Nor does Garnett offer us reason to believe that the district court committed legal error.
Garnett’s opening brief never explains why he believes the district court came to the wrong
conclusion with respect to each (or any) of his claims. The district court held that “Garnett’s
§ 1983 claim for retaliation [was] precluded by law.” Id. (citing Russell v. Drabik, 24 F. App’x
408, 411 (6th Cir. 2001)). And his race discrimination claims failed “because he was not subjected
to an adverse employment action.” Id. Garnett’s voluntary retirement precluded his disability
claims, and his failure to pursue adequate post-deprivation remedies foreclosed his due process
claim. Nowhere in the opening brief, not even in the section devoted to his Rule 60(b) motion,
does Garnett address these conclusions. Garnett’s reply brief offers some analysis, but that was
too late. “Time, time, and time again, we have reminded litigants that we will treat an argument
as forfeited when it was not raised in the opening brief.” Island Creek Coal Co. v. Wilkerson,
-6- No. 22-3864, Garnett v. Akron City Sch. Dist. Bd. of Educ.
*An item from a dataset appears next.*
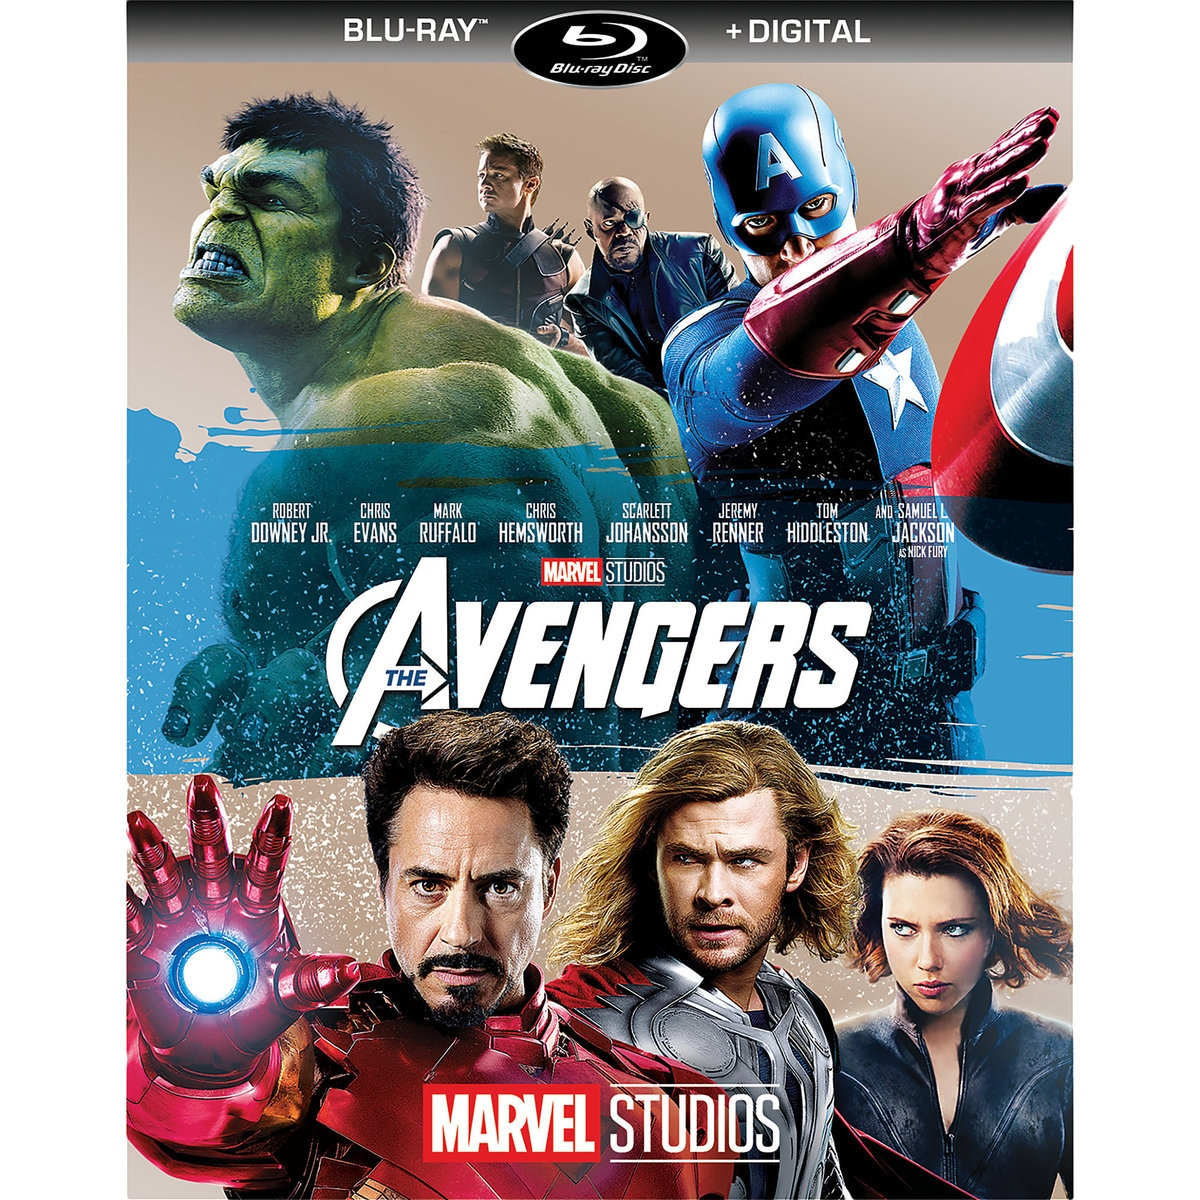 marvels the avengers blu ray digital copy - The Avengers

910 F.3d 254, 256 (6th Cir. 2018) (citation omitted); Stewart v. IHT Ins. Agency Grp., LLC, 990
F.3d 455, 457 (6th Cir. 2021) (“[E]ven well-developed arguments raised for the first time in a reply
brief come too late.”). Garnett’s failure to address the legal arguments presented by the School
District and adopted by the district court means he has forfeited any argument that the district court
erred in granting summary judgment in the School District’s favor.
***
We DISMISS in part for lack of jurisdiction and AFFIRM in part.